What makes our examination particularly revealing is how Scripture consistently emphasizes the mouth's power, especially through speech. While we often focus on physical strength, the Bible suggests our tongues hold far greater potential for both creation and destruction. "The tongue has the power of life and death," warns Proverbs, while James describes it as "a fire" capable of corrupting our entire being.

The metaphors are striking—a small rudder steering massive ships, a spark igniting forest fires—all illustrating how this tiny organ directs our lives. Most sobering is James' observation that "no human can tame the tongue," highlighting our dependence on divine grace for speech that brings life rather than death.

Against our culture's celebration of uninhibited self-expression, Scripture consistently advises restraint: "God is in heaven, you are on earth, so let your words be few." This wisdom acknowledges the deceitfulness of the human heart, suggesting that silence often proves wiser than speech.
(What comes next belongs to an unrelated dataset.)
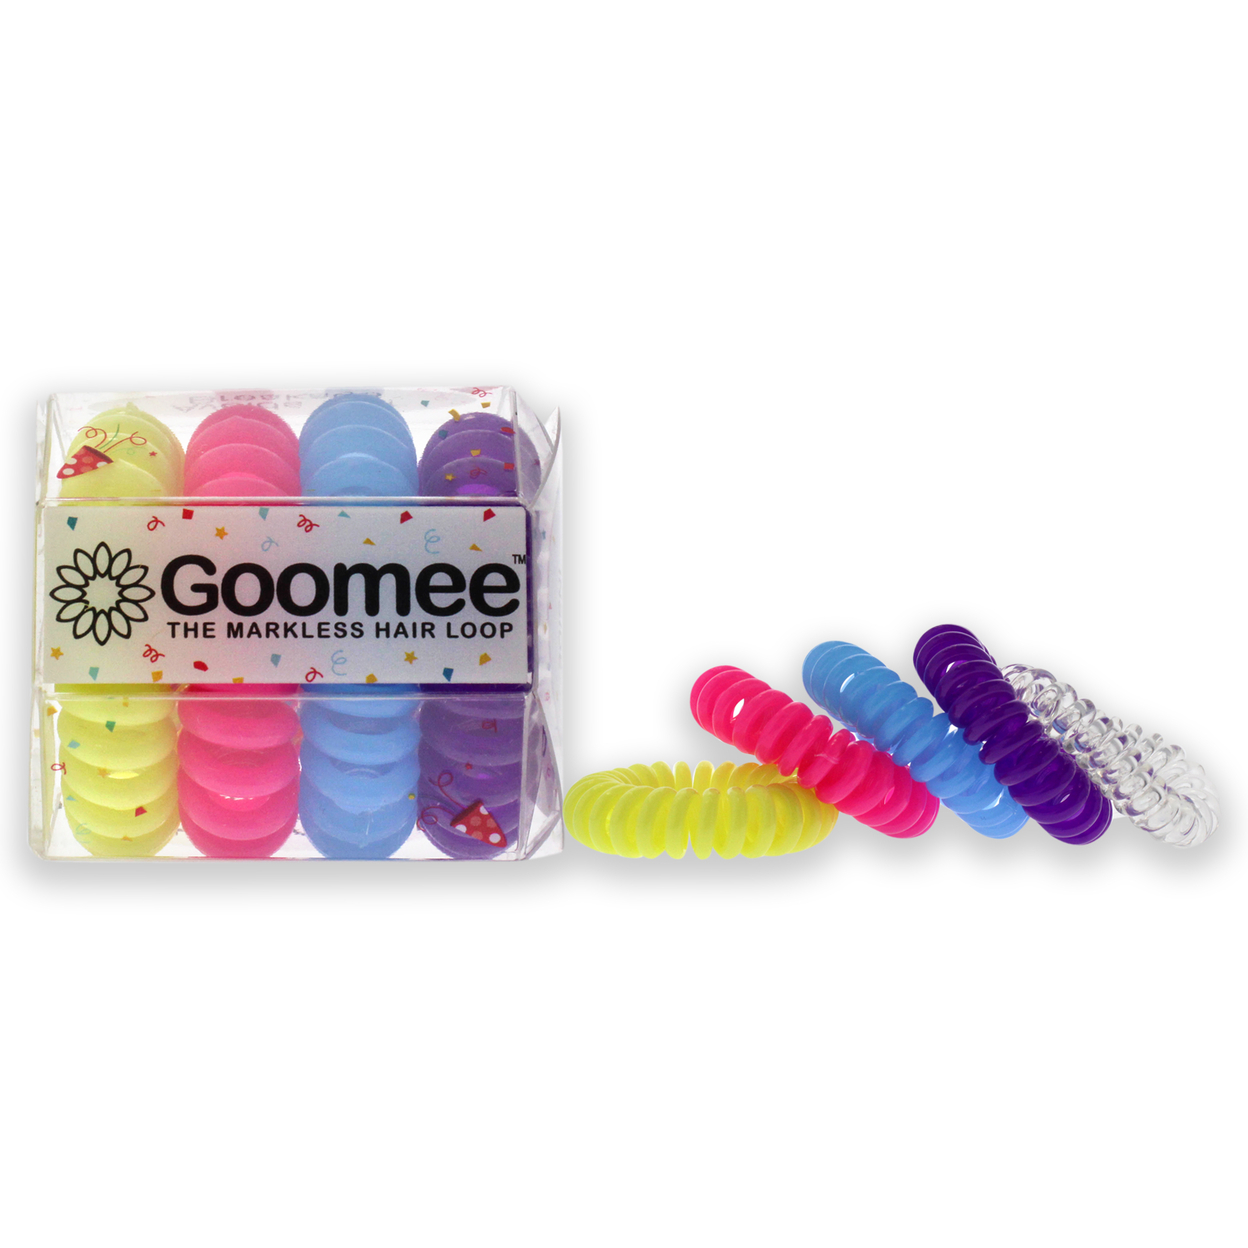 Goomee The Markless Hair Loop Set - Rebel Hair Tie 4 Pc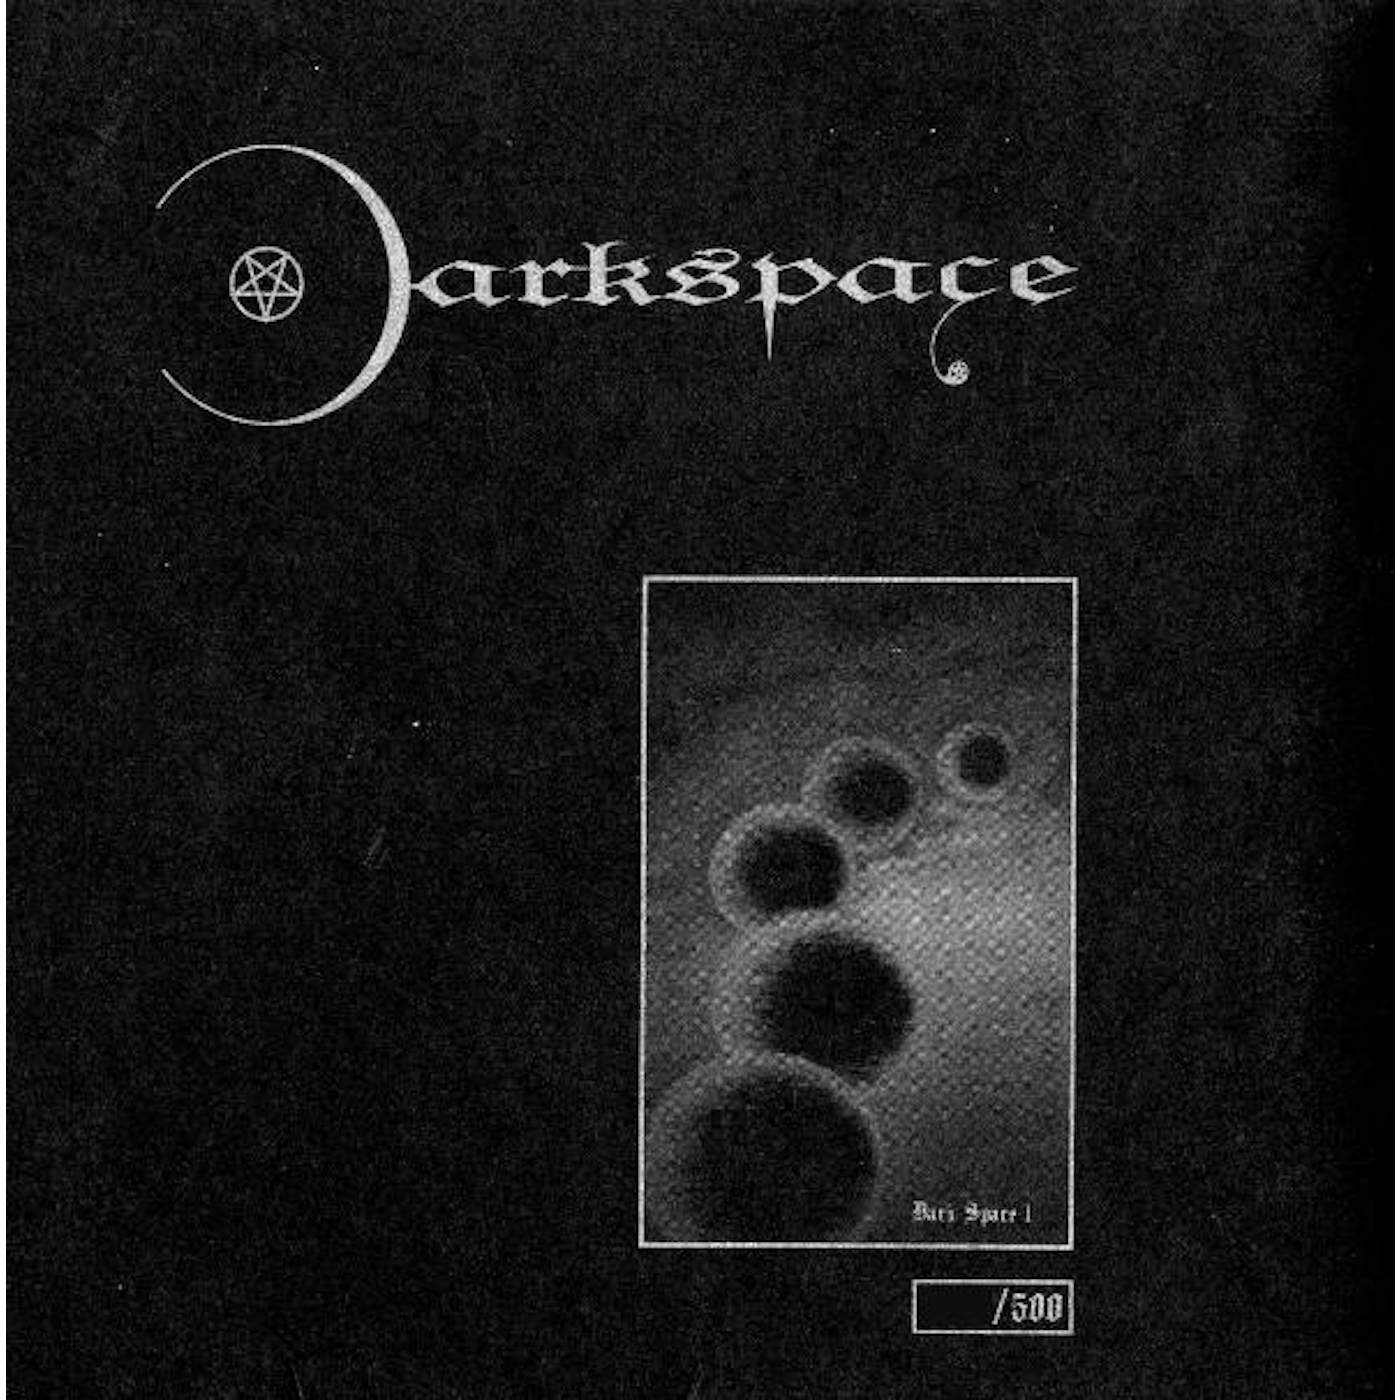 Darkspace. Darkspace группа. Darkspace 3. Darkspace – Dark Space i. Darkspace обложки альбомов.

Consider how Jesus himself, the perfect Word made flesh, spoke with extraordinary precision and purpose—never wasting words yet changing lives with simple commands.

When we examine the mouth's complexity—from lips that act as gatekeepers to teeth that protect and process to the tongue that both tastes and speaks—we witness divine design integrating physical and spiritual functions. Perhaps most profound is Deuteronomy's revelation that "man does not live on bread alone, but on every word from the mouth of the Lord," suggesting our deepest sustenance comes not through what enters our mouths but through what proceeds from God's.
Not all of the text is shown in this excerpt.